I stało się, że on rycerz znakomity, niedawno jeszcze dziedzic rozległych obszarów, został prostym pachołkiem na książęcym dworze. Całym jego majątkiem był szczupły woreczek dukatów i owa złota gałązka, na której sześć złotych listków lśniło się tajemniczo. Pomny ostrzeżenia księżniczki nie rozstawał się z swoim skarbem, jedyną pociechą broniącą go przed zwątpieniem.

W państwie podziemnym

Z niecierpliwością liczył dnie i tygodnie, oczekując tej chwili, która po upływie roku niedoli przenieść go miała w czarodziejską krainę nieznanych upojeń i cudów. Obraz zaczarowanej księżniczki śnił ma się często po nocach, a niekiedy na jawie olśniewał znienacka jego duszę przypomnieniem tak wyrazistym, że Sławomir rozglądał się mimo woli naokoło siebie, jak gdyby w pobliżu czuł jej żywą obecność.

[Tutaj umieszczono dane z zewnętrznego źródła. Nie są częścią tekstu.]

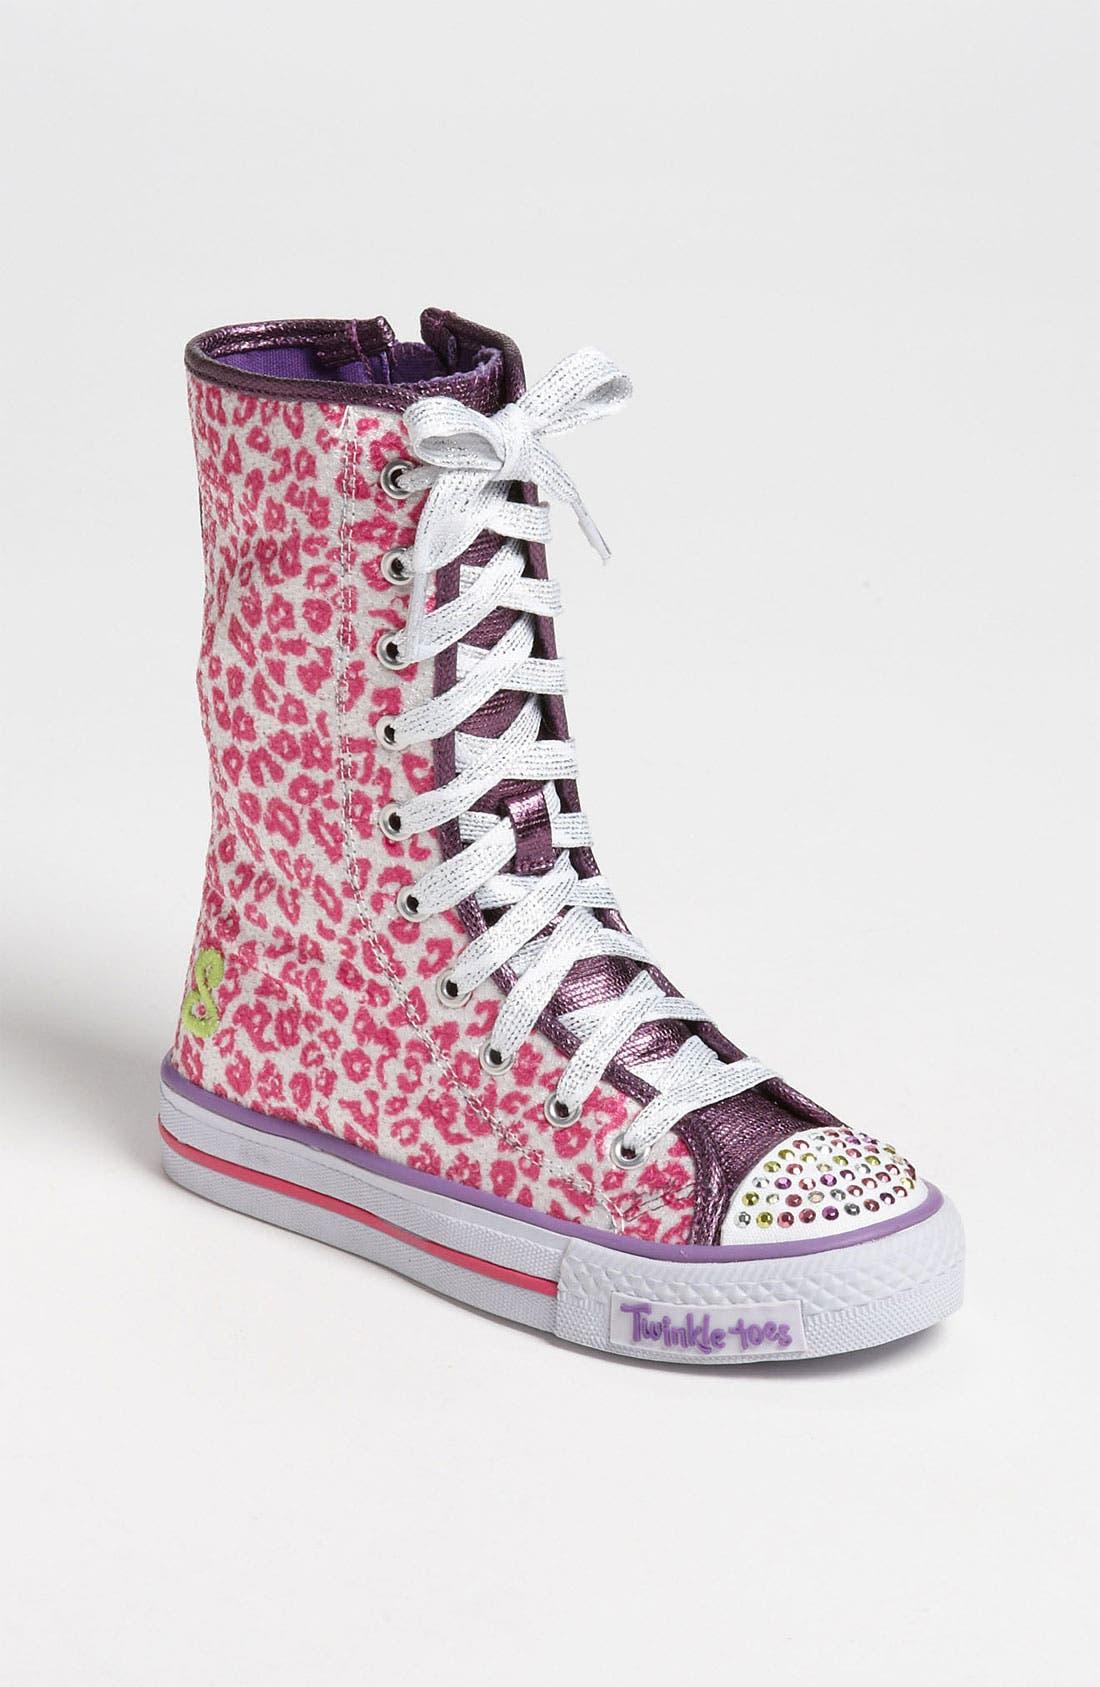 Alternate Image 1 Selected - SKECHERS 'Shuffles - Notorious' Sneaker (Toddler & Little Kid)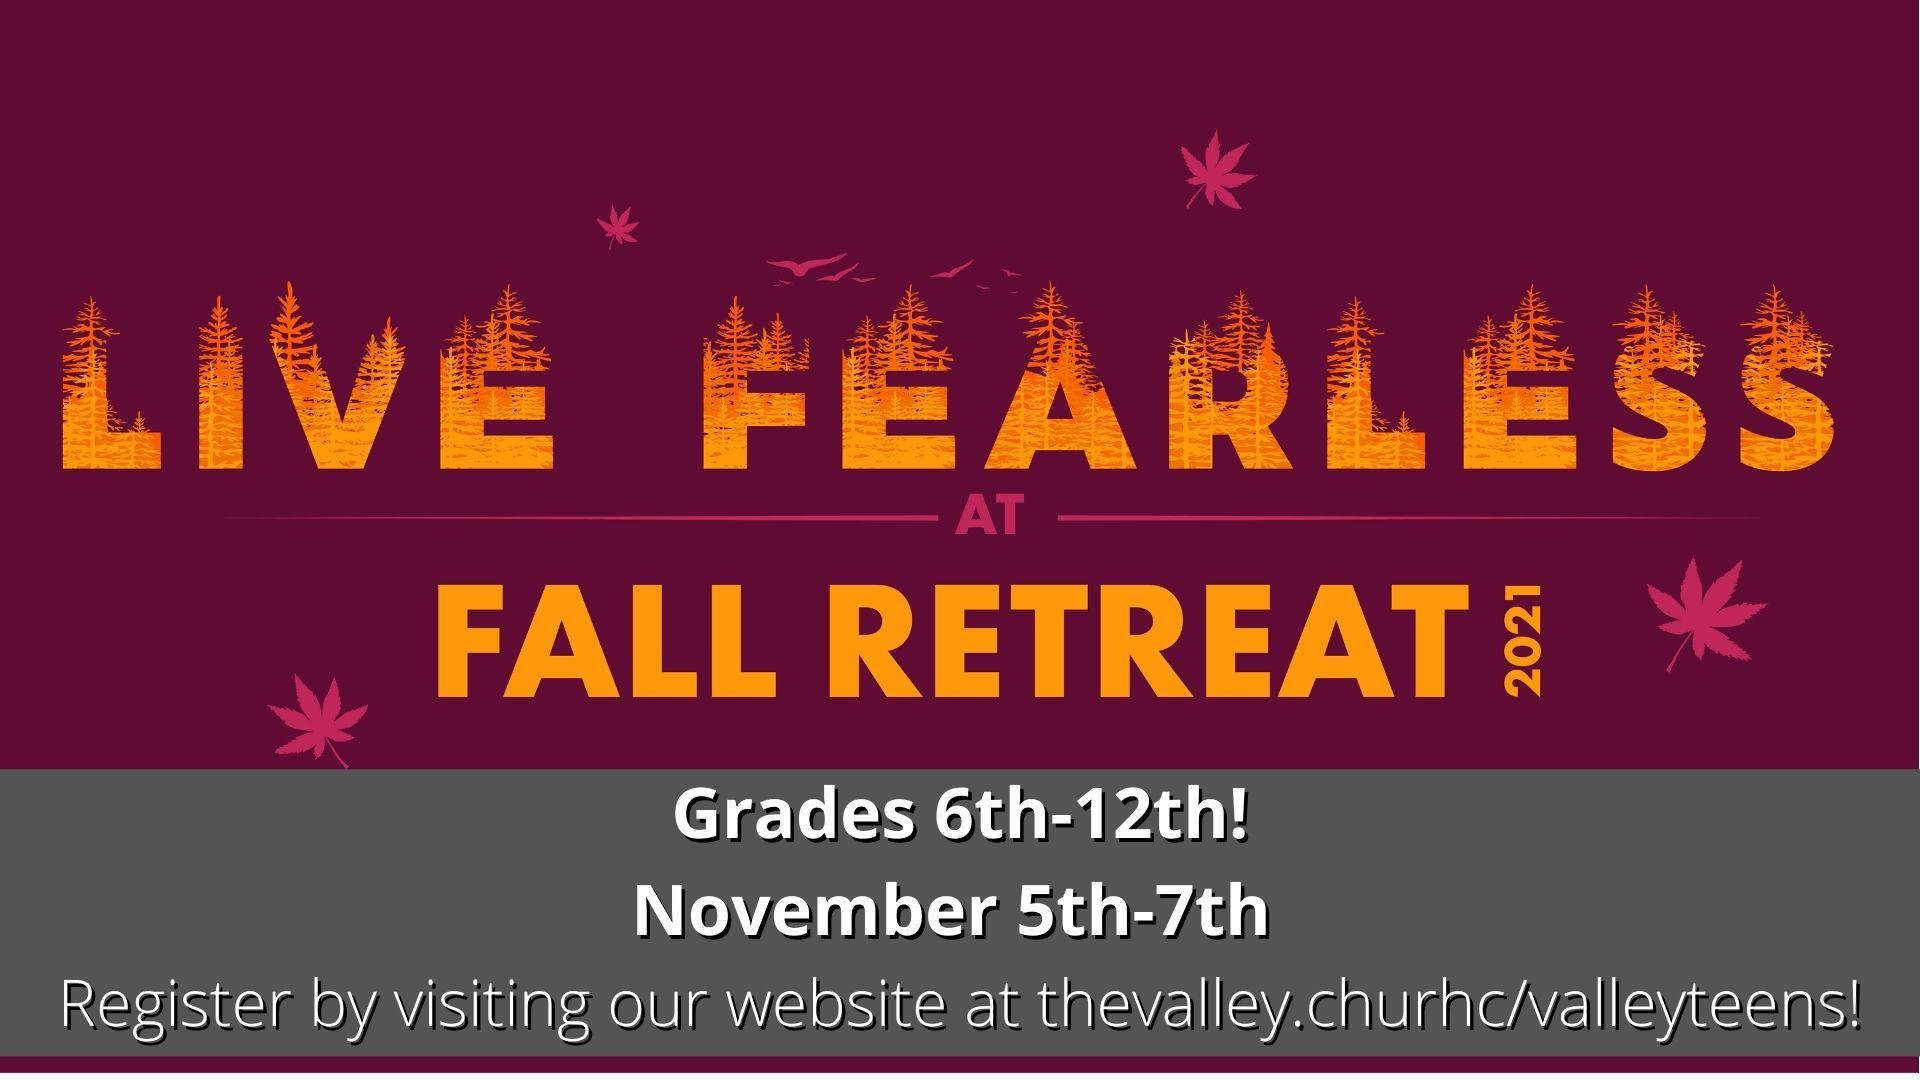 Fall Retreat 2021!

Raz, kiedy w dalekim zakątku książęcego parku błądził w głębokiej zadumie, ujrzał między drzewami dwie kobiece postacie, zbliżające się powoli ku niemu. Zawrócił w boczną ścieżkę i na chwilę stracił je z oczu. Naraz na skręcie ujrzał je tuż przed sobą i zachwiał się w nagłym olśnieniu. Zaczarowana księżniczka szła naprzeciw niego.

– Tyś to!? — krzyknął rycerz, zerwawszy się ku niej.